--- SOURCE MATERIAL Enclosed Below ---
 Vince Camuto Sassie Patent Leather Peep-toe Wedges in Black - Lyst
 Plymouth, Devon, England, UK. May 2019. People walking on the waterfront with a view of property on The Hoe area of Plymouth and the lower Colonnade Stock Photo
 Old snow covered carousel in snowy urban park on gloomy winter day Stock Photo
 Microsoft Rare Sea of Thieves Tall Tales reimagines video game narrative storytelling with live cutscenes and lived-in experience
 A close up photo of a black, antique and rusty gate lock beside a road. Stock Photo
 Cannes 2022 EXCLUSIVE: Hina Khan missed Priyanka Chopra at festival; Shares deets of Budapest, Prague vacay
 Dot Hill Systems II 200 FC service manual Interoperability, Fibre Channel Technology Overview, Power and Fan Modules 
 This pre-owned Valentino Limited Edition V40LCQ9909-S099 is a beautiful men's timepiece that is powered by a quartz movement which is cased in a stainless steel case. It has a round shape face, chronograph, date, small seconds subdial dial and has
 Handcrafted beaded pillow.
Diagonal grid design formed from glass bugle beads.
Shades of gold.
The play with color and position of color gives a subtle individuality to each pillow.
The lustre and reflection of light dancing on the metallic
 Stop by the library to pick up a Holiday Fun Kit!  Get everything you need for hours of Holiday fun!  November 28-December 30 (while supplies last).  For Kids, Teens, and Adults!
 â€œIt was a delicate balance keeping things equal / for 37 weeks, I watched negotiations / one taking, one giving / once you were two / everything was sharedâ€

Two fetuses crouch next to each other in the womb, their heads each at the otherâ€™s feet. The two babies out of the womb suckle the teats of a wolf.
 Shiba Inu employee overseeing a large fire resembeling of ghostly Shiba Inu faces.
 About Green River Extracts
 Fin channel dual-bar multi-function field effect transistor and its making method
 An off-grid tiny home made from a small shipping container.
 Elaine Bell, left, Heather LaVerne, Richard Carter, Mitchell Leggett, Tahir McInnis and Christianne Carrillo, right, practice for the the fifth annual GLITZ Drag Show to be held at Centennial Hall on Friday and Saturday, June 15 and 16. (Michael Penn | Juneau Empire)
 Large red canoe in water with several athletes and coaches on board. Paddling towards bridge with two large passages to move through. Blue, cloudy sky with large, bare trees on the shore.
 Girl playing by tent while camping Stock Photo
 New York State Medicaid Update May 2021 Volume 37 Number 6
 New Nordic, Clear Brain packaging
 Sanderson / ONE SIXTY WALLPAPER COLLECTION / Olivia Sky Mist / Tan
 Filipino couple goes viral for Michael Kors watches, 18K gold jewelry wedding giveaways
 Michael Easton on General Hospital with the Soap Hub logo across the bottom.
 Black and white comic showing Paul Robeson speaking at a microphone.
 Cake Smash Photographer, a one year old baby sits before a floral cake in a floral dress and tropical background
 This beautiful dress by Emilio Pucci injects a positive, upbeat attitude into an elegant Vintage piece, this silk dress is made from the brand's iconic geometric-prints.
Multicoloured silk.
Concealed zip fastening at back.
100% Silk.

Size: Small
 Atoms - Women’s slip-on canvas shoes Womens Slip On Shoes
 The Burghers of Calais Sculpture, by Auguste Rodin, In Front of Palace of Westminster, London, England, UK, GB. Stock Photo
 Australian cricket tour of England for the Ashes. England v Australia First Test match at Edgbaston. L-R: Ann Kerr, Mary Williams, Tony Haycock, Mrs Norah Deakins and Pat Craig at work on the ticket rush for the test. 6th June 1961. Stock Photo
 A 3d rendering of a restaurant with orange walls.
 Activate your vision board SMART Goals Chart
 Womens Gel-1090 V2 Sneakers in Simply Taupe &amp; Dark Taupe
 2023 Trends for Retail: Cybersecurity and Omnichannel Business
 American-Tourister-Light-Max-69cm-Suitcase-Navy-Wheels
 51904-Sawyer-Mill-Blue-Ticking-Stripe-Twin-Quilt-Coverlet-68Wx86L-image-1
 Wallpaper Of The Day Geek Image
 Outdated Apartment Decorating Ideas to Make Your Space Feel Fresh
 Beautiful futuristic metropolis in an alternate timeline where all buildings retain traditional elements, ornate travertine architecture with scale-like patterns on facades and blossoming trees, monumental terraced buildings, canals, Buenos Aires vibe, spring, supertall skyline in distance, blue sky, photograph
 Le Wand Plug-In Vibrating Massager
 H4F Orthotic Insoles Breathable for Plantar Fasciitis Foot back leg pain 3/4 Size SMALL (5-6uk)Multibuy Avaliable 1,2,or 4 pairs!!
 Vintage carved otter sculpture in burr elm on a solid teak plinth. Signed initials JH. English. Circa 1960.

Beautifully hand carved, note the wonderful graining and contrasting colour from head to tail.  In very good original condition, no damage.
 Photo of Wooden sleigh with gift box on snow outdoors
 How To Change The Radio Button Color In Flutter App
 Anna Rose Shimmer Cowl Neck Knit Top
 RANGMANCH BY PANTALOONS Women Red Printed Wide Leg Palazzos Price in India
--- End of Enclosed SOURCE MATERIAL ---
**WHAT THE EXERCISE ASKS**
Reproduce, with both ends included, the lines from the one holding "How To Change" to the end of the records above.

**SOLUTION TO THE PROBLEM**
 How To Change The Radio Button Color In Flutter App
 Anna Rose Shimmer Cowl Neck Knit Top
 RANGMANCH BY PANTALOONS Women Red Printed Wide Leg Palazzos Price in India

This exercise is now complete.